Cannibal Tours 1988
The quote by Albert Camus says it all at the opening of the film: “There is nothing so strange in a strange land, as the stranger who comes to visit it.” The film suggests that the natives of New Guinea are not the ones we should be concerned with, but rather the Europeans who come to take pictures of them as though they were collecting snapshots of curiosities and eccentricities that will make their collection of oddities at home even more special. The reality is that the Europeans are far more intriguing because there is some disconnect between themselves and their sense of self. It is almost as if they are unaware of themselves in their hyper-awareness of the natives. The natives on the other hand simply accept the Europeans as weird but harmless, and so the natives act friendly to them.
In the one exchange, the Europeans are posing with the native children, and one climbs onto the log where the young woman is sitting. She poses like she is posing with an exotic wild animal. Would she pose this way for children at home? Why is she so happy and desirous of having this moment captured on film? This scene cuts to another European woman motioning to her subjects about how she wants them to pose for the camera. Then we see a native looking slightly humored by the whole thing looking right into the camera at the viewer, and the subtitles give us what he is saying: “When the tourists come to our village, we are friendly towards them. They like to see all the things in the village.” There is the sense that the natives are just humoring the tourists and that the tourists are entitled to take their pictures and have a look around. But both view the other as oddities, ironically.
So the natives pose, and the Europeans give them some money and the native says that he buys things that he likes when he is asked what he does with the money. It is an easy way for them to earn a living and the Europeans are grateful for just a few still shots of the exotic people.
The natives dance for them and perform and the Europeans capture the images for memory’s sake, as the one European later says to the camera to explain why he wants to take a picture of himself on a stone with a native. But what is he preserving for memory? What is he experiencing? What the two are experiencing and saying in their interviews reveals very little depth of real human interaction. Why must the Europeans travel thousands of miles across the world to a remote place to feel happy and alive and feel glad to take pictures of human beings? Can’t they do it at home? Surely there are people in Europe too!
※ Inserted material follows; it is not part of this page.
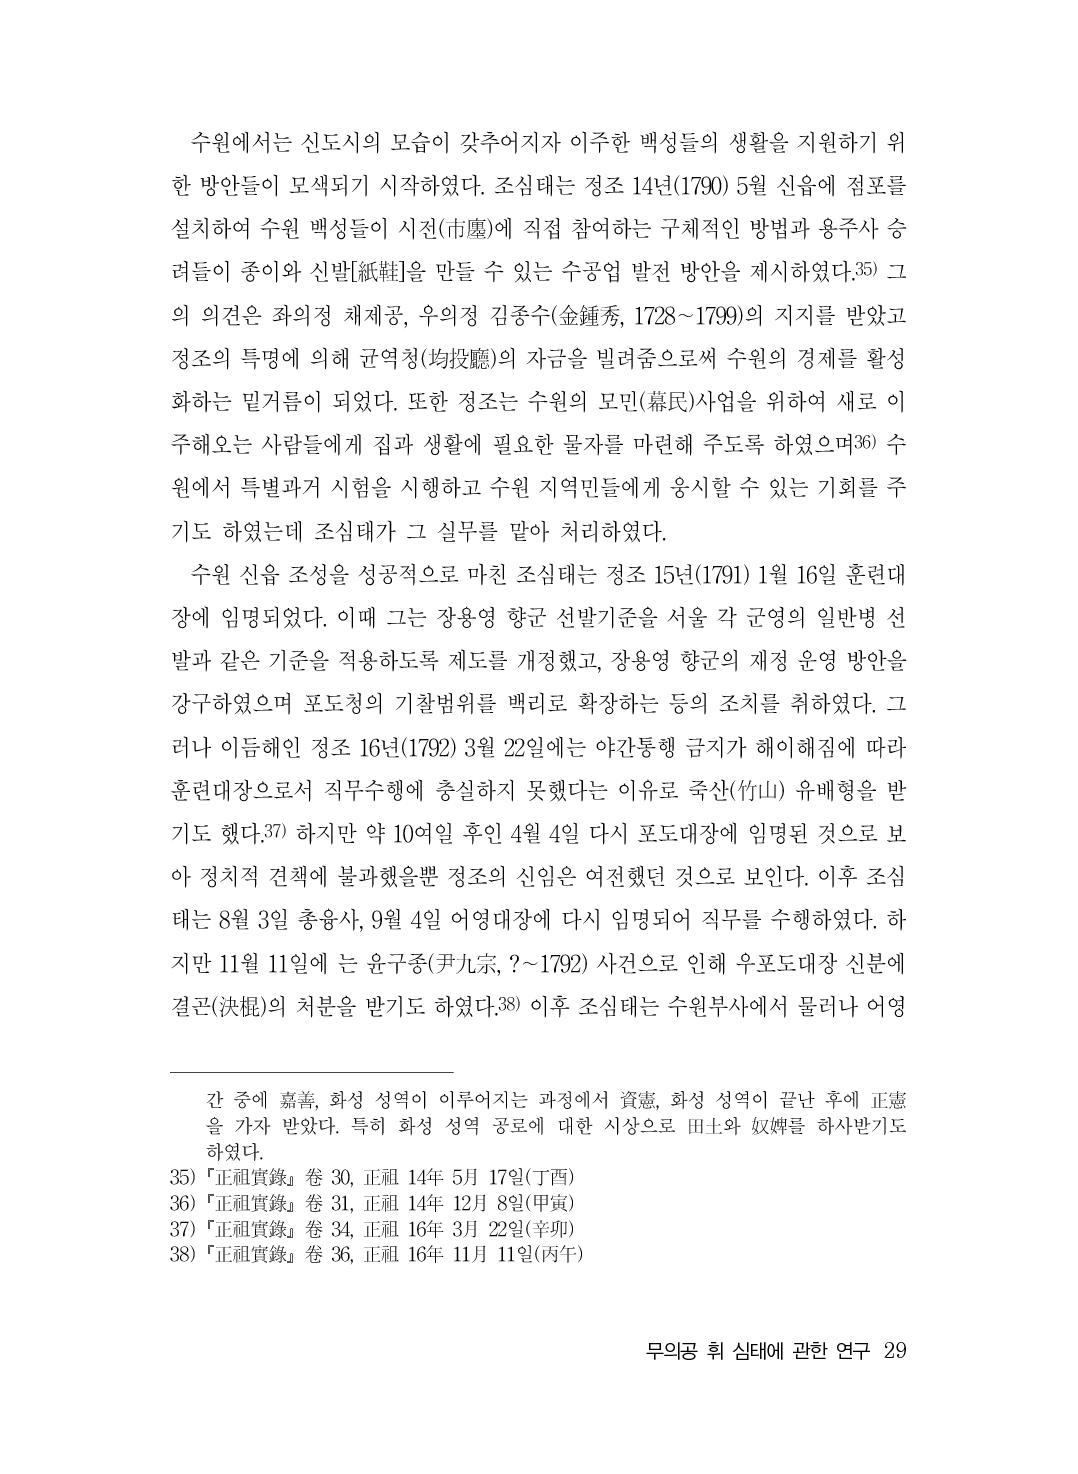 (전체) 송산종보(27호)(최종)_30.jpg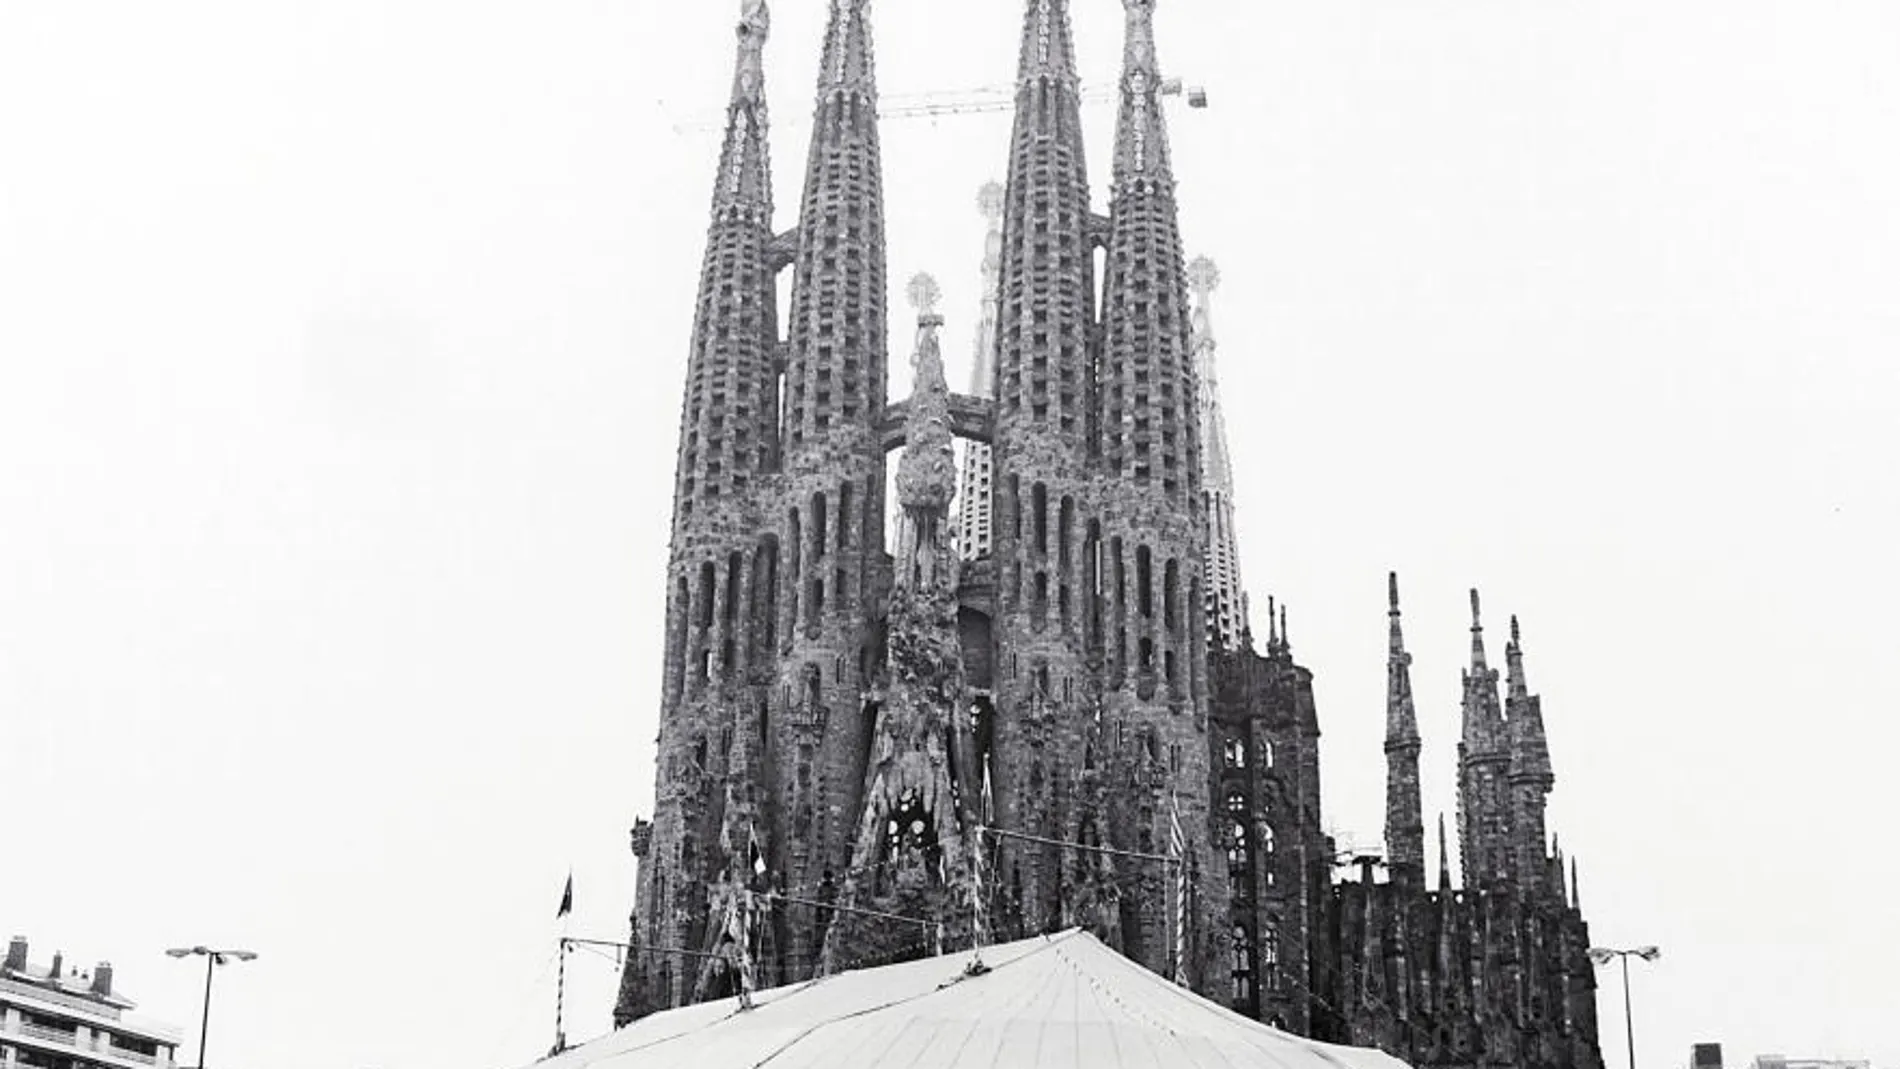 Un espectáculo al alcance de todos. Una imagen del Circo Ringland instalando frente a la Sagrada Familia, durante las fiestas navideñas de 1978-1979. La imagen fue tomada por Josep Vinyes

The reality is as Camus suggests, we are strangers to ourselves and do not know who we are. At home we are stuck with ourselves and our lack of knowledge of ourselves is stifling and frustrating, so it takes an exotic expedition to wake us up and get the blood flowing. Do the natives understand this about the tourists? I think that they implicitly do, because they play the part that is expected of them and are rewarded in the process. Theirs is a simple part. They are not as encumbered by the malaise of the modern world as the Europeans, who have a whole history of the existential crisis of life death, salvation, redemption, damnation, and rejection to deal with that they would rather not take the time to actually deal with. It is easier to ignore all that and focus on the novel, the eccentric, the exciting, and the bizarre. I suppose that it makes them feel better about themselves. The natives do not seem to mind. They accept the Europeans, which shows that they are probably more mature and understanding.